**SOURCE MATERIAL**
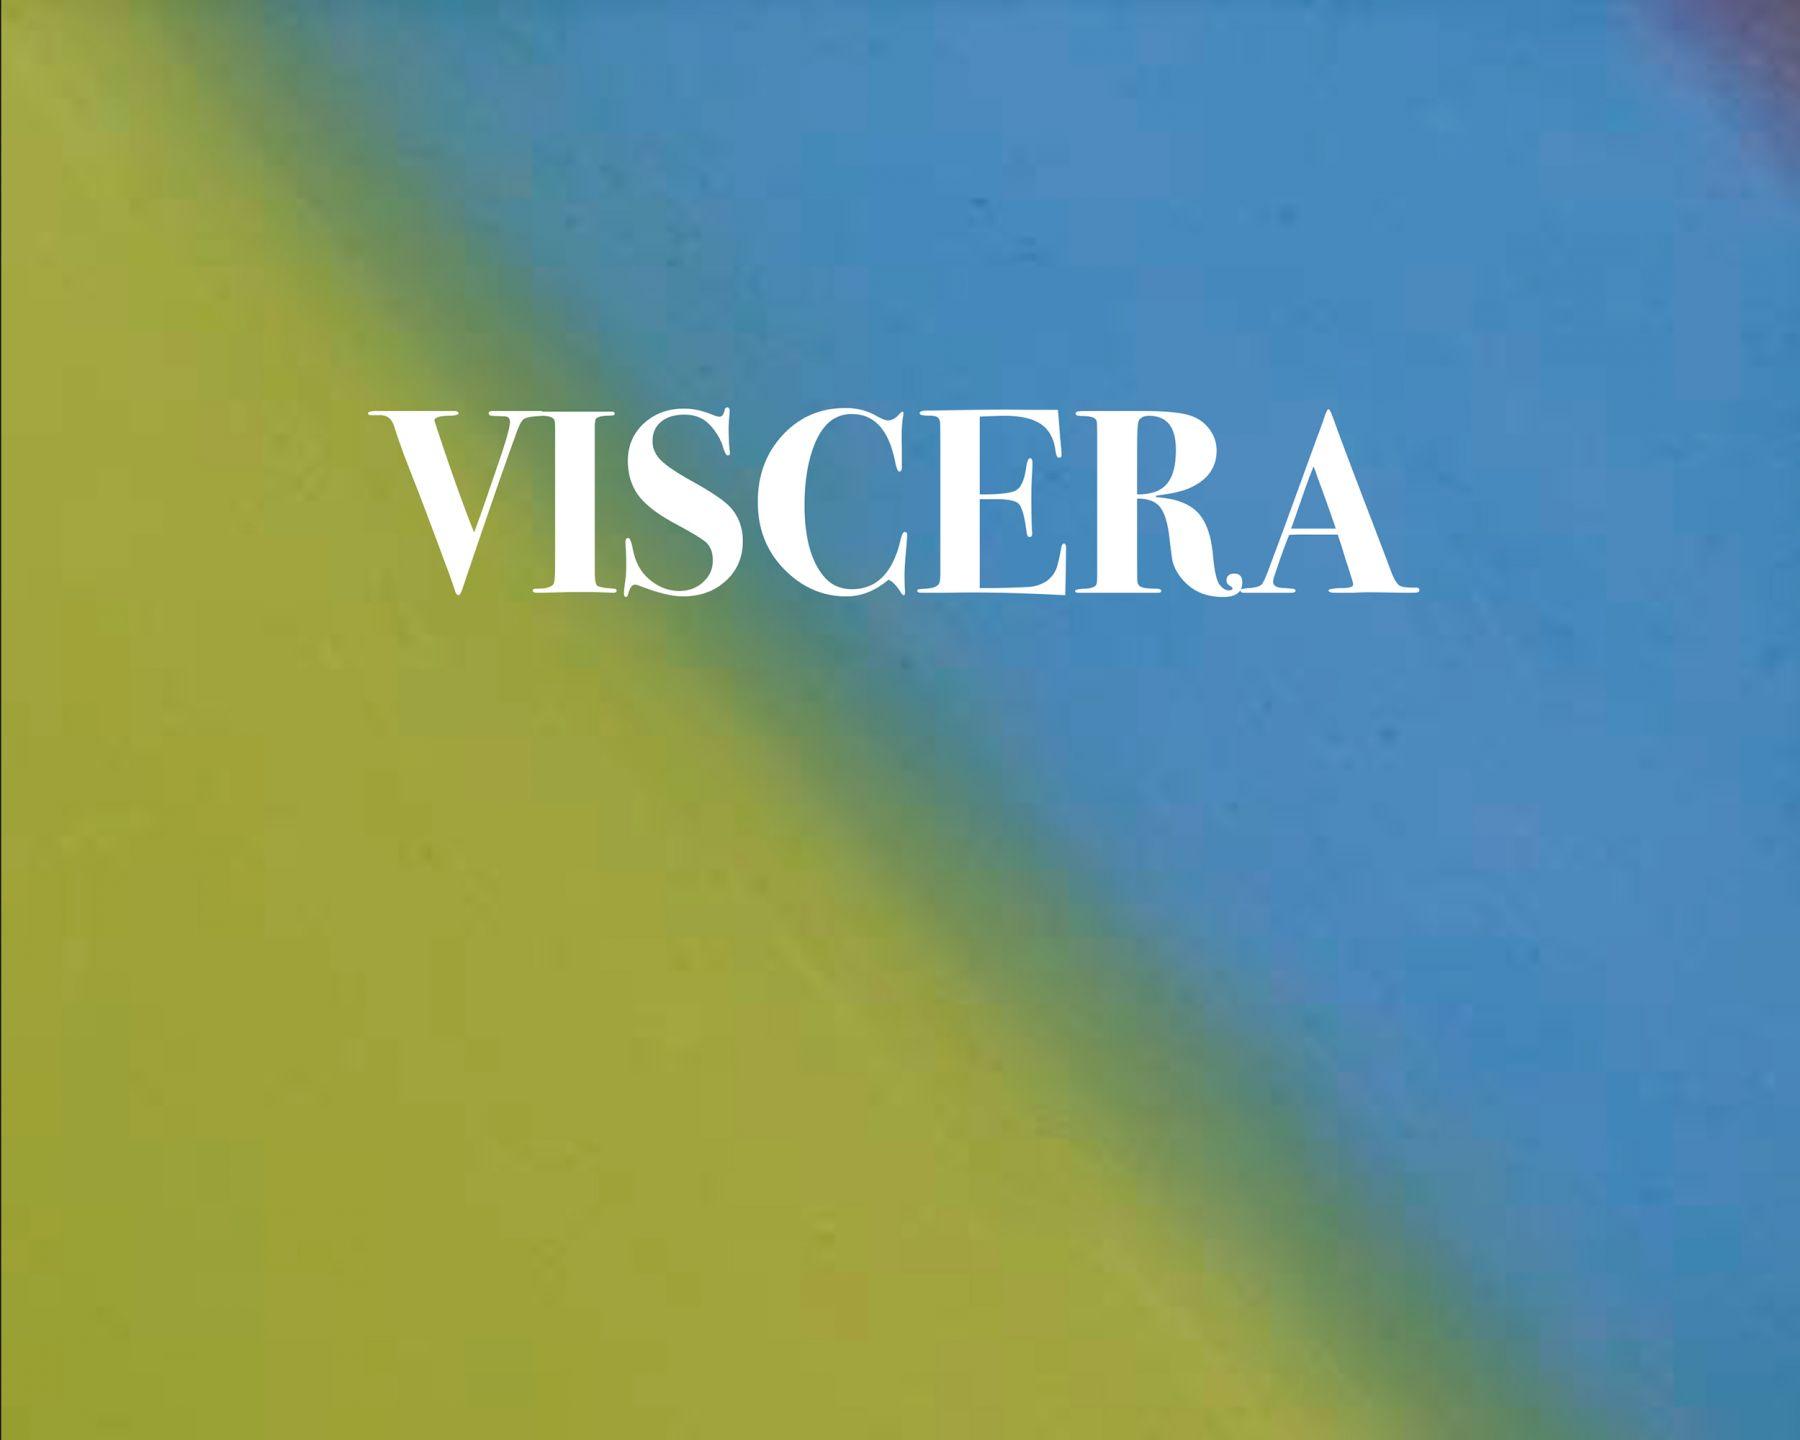 Cover image of Dan Colen: Viscera, published by Venus Over Los Angeles, Los Angeles, 2016
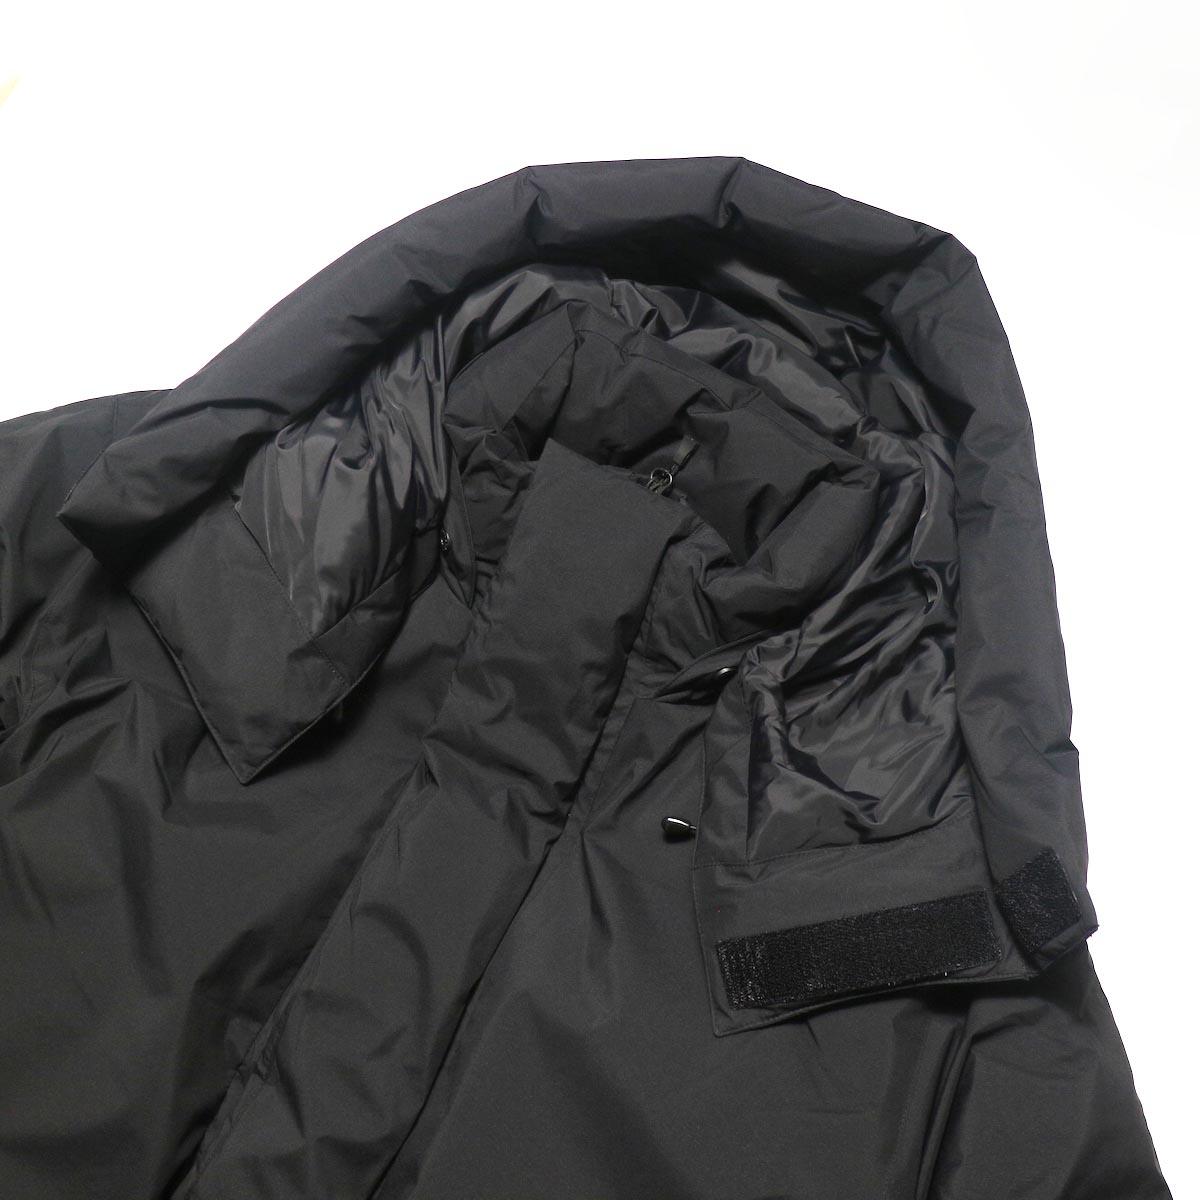 DAIWA PIER39 / GORE-TEX INFINIUM EXPEDITION DOWN JACKET (Black)フード、襟
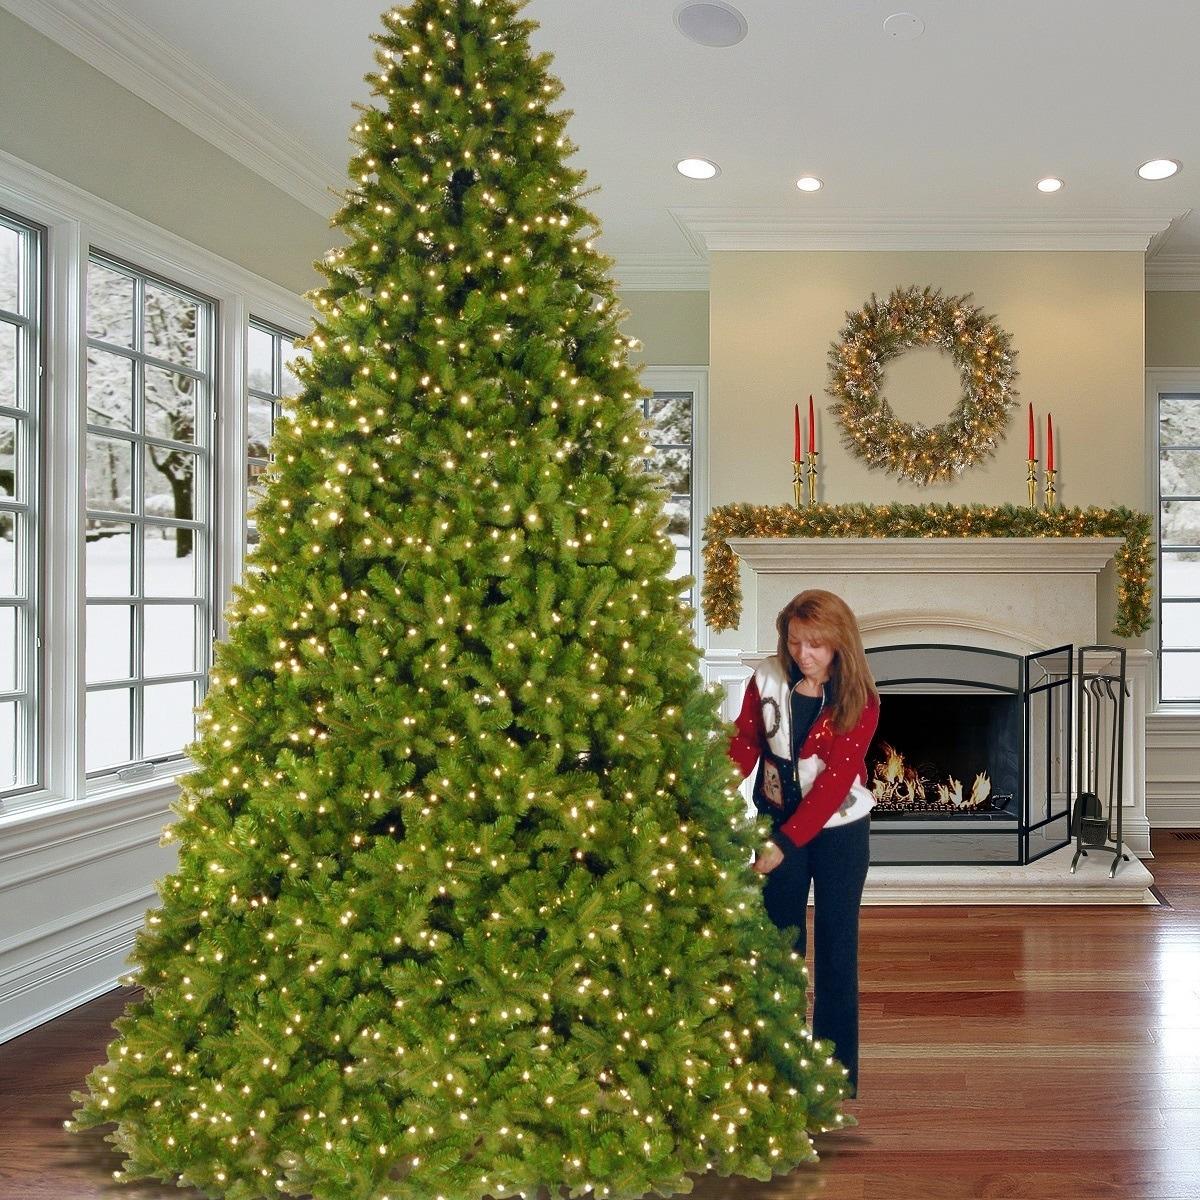 12 Foot Christmas Tree.12 Foot Downswept Douglas Fir Tree With Clear Lights

**TASK TO COMPLETE**
Every line of the listing above is to be retyped exactly, but the pictures are to be dropped.

**EXERCISE ANSWER**
 Cover image of Dan Colen: Viscera, published by Venus Over Los Angeles, Los Angeles, 2016
 DAIWA PIER39 / GORE-TEX INFINIUM EXPEDITION DOWN JACKET (Black)フード、襟
 12 Foot Christmas Tree.12 Foot Downswept Douglas Fir Tree With Clear Lights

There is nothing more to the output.